We’re experiencing a critical issue with user role assignments in the asset lifecycle module after our recent LDAP integration. The LDAP sync job completes successfully without errors in the logs, but user roles aren’t being updated in NetSuite.
The problem manifests when employees initiate asset transfers - the approval workflow fails for certain users who should have the Asset Manager role based on their AD group membership. The sync dashboard shows ‘Success’ status and user accounts are created properly, but the role mapping simply doesn’t apply.
What’s particularly puzzling is that manual role assignment through the UI works perfectly fine for the same users. We’ve verified the LDAP attribute mapping configuration multiple times and it matches our documentation. This is becoming a serious bottleneck as we can’t scale our asset management process when every role assignment requires manual intervention.
Has anyone encountered similar LDAP sync behavior where the job completes but role assignments don’t propagate? We’re on 2023.1 and this started after a recent security patch.
I’ve seen this before. Check your LDAP mapping configuration - specifically the Group DN field. Even though the sync shows success, if the group distinguished name doesn’t exactly match what’s in Active Directory, roles won’t map. Also verify that the LDAP attribute you’re using for role mapping (usually memberOf) is actually being returned in the sync query.
This sounds like a timing issue with the role provisioning service. After LDAP sync creates or updates users, there’s a separate background process that applies roles based on group membership. If that service is overloaded or has errors, you’ll see exactly this behavior - successful sync but no role updates.
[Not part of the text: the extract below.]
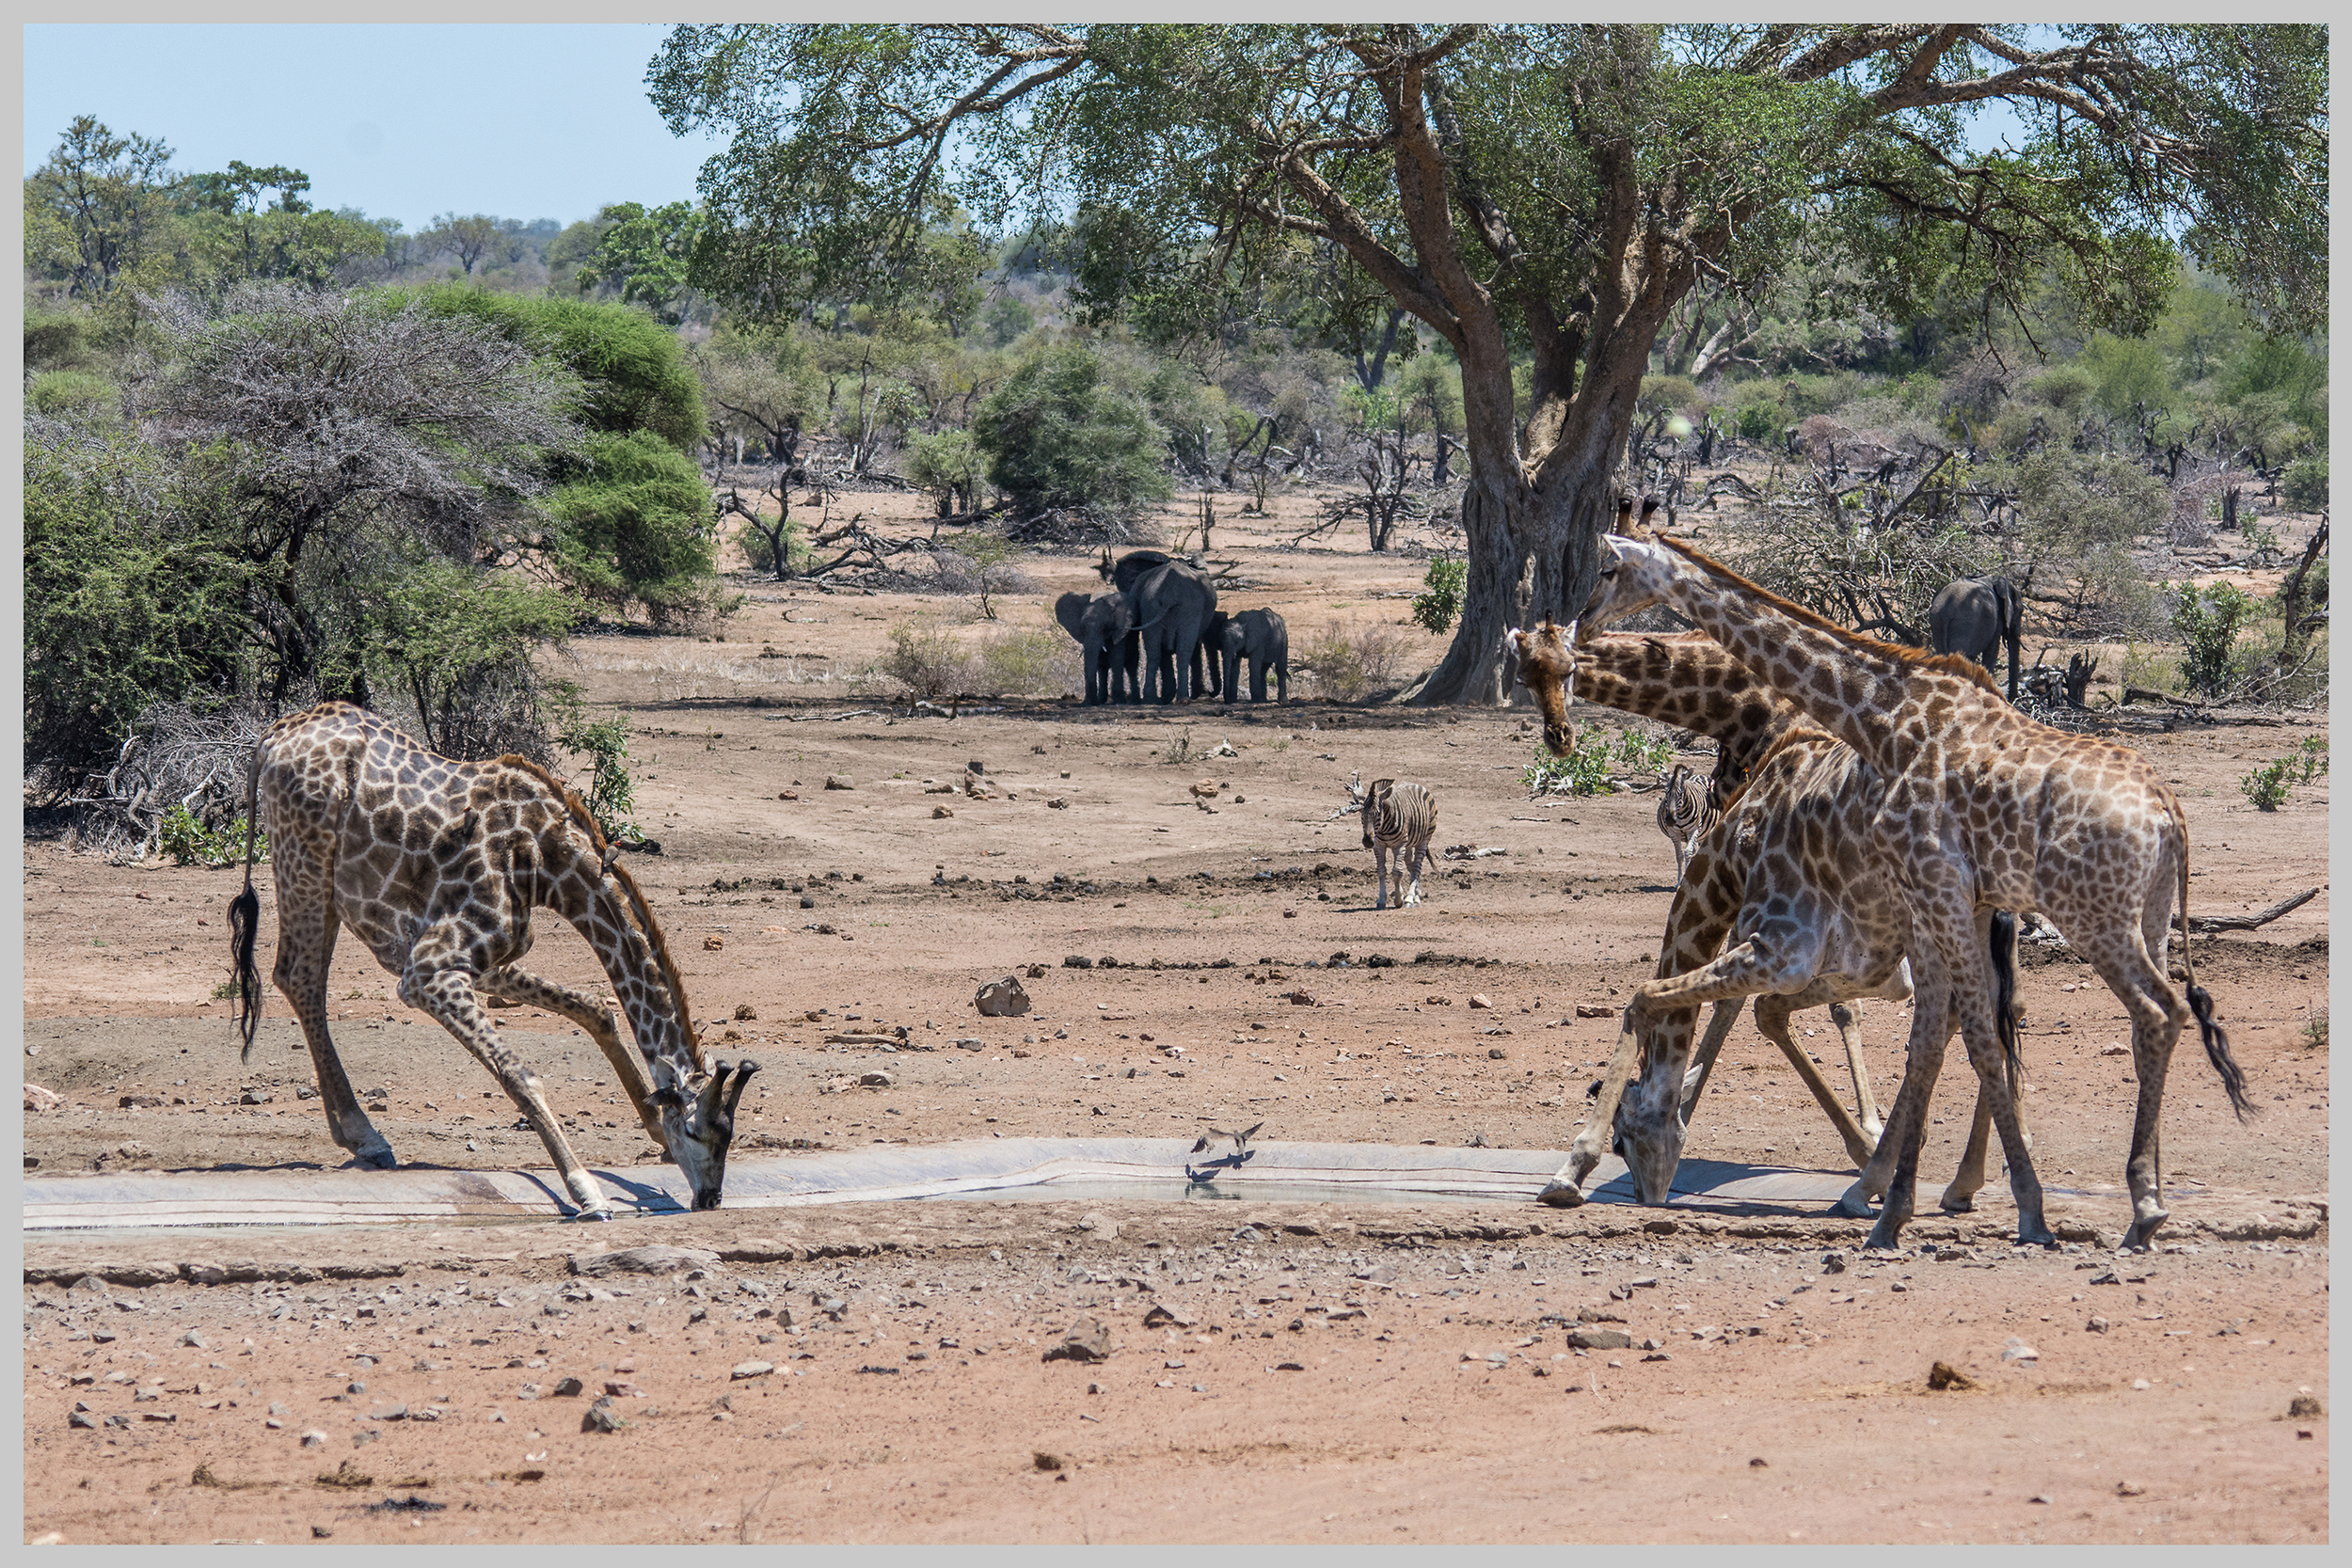 Giraffe, Zebra and African Elephant

Navigate to Setup > Users/Roles > Manage Authentication and check the ‘Role Provisioning Status’ section. Look for any failed provisioning jobs that correspond to your sync times. You might also want to check if there are any custom SuiteScripts that are interfering with the standard role assignment process. We had a similar issue where a beforeSubmit script on the Employee record was preventing role updates from the LDAP sync.
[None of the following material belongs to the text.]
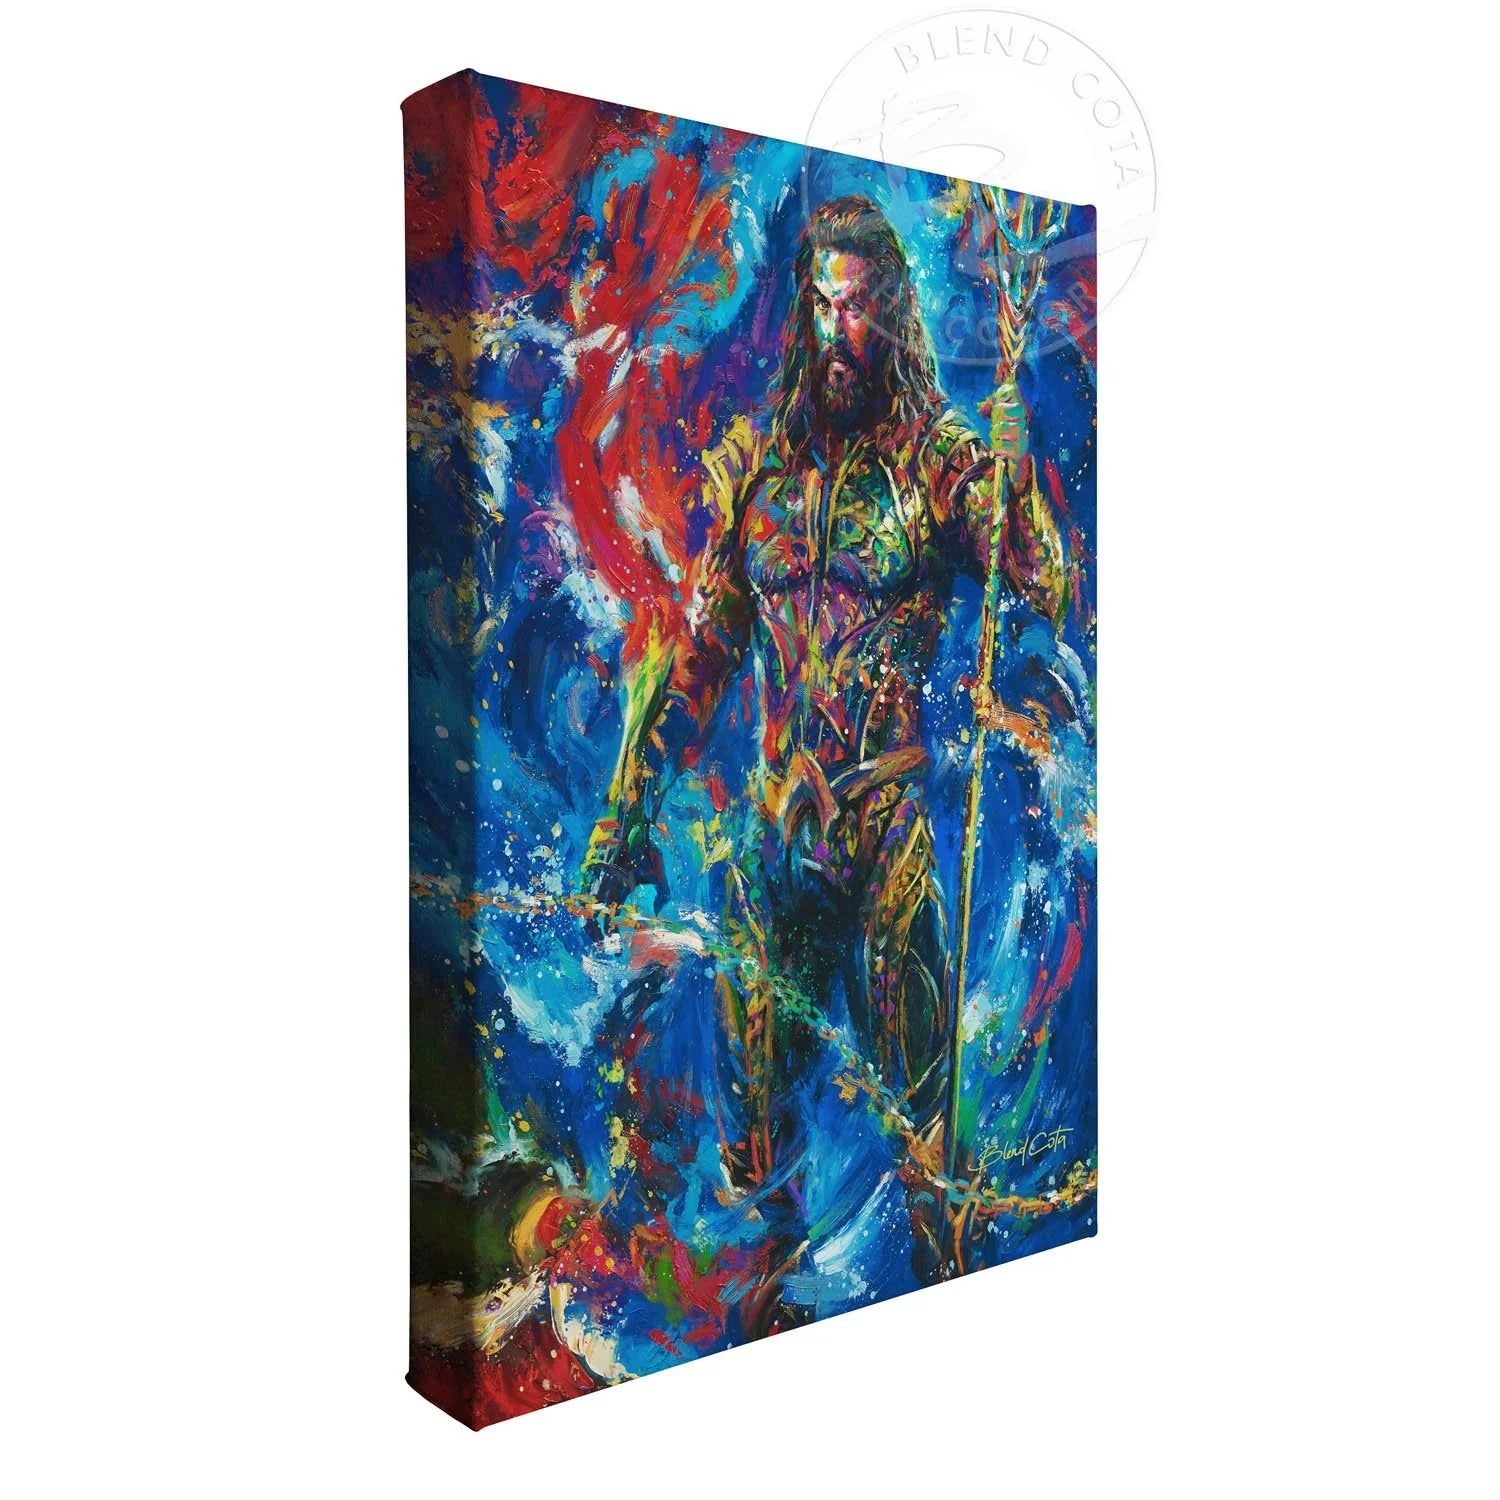 Aqua man - Gallery Wrapped Canvas

Thanks for the suggestions. I checked the role provisioning status and found several ‘Pending’ entries that never completed. The LDAP group DN mappings look correct, and the memberOf attribute is definitely being returned - I can see it in the sync logs. The interesting thing is that when I manually trigger a role update for a specific user, it works immediately, which suggests the mapping configuration itself is valid but something in the automated process is broken.
Have you verified the LDAP group-to-NetSuite role mapping table? Sometimes the mappings get cleared during updates. Also check if the users are in multiple AD groups that might have conflicting role assignments.
Check your LDAP Connection Settings under Setup > Company > Setup Tasks > LDAP Authentication. There’s a setting called ‘Auto-Assign Roles’ that needs to be enabled for automatic role provisioning. Also verify that the ‘Role Mapping Enabled’ checkbox is checked for each specific role you’re trying to assign.
Another thing - in 2023.1, there was a known issue where role provisioning would fail silently if the user record had certain custom fields that weren’t properly initialized during LDAP sync. The workaround was to add a saved search that identifies users with incomplete profiles and a scheduled script to fix them before role assignment runs.